Count numbers in given range such that sum of even digits is greater than sum of odd digits
Given two integers L and R denoting a range [L, R]. The task is to find the total count of numbers in the given range [L,R] whose sum of even digits is greater than the sum of odd digits.
Input : L=2 R=10
Output : 4
Numbers having the property that sum of even
digits is greater than sum of odd digits are: 2, 4, 6, 8
Input : L=2 R=17
Output : 7
Firstly, count the required numbers up to R i.e. in the range [0, R]. To reach the answer in the range [L, R] solve for the range from zero to R and then subtracting the answer for the range from zero to L – 1. Define the DP states as follows:
- Consider the number as a sequence of digits, one state is the position at which we are currently at. This position can have values from 0 to 18 if we are dealing with the numbers up to 10^18. In each recursive call, try to build the sequence from left to right by placing a digit from 0 to 9.

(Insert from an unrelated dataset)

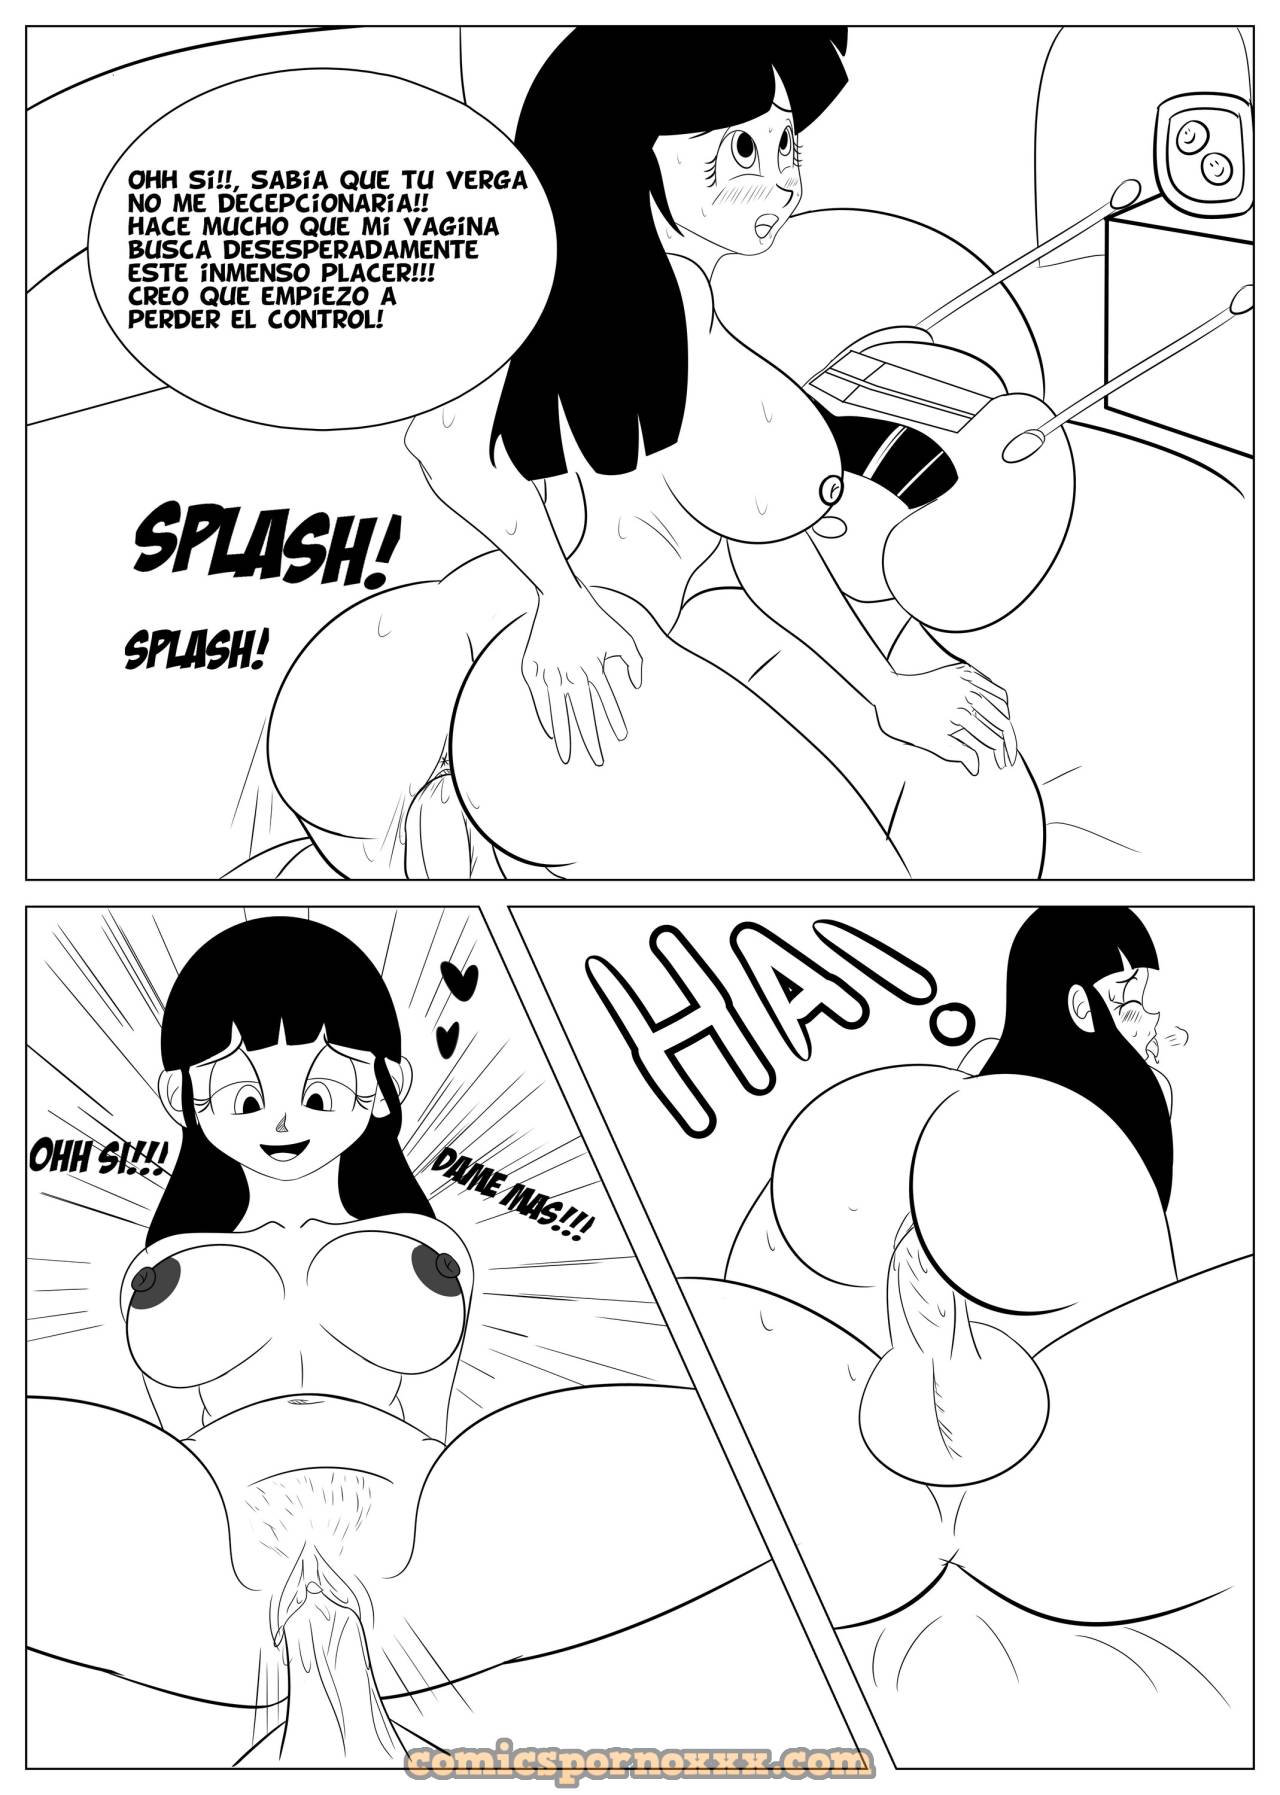 Malentendidos Familiares - 11 - Comics Porno - Hentai Manga - Cartoon XXX

- First state is the sum of the even digits that has been placed so far.
- Second state is the sum of the odd digits that has been placed so far.
- Another state is the boolean variable tight which tells the number we are trying to build has already become smaller than R so that in the upcoming recursive calls we can place any digit from 0 to 9. If the number has not become smaller, the maximum limit of digit we can place is the digit at the current position in R.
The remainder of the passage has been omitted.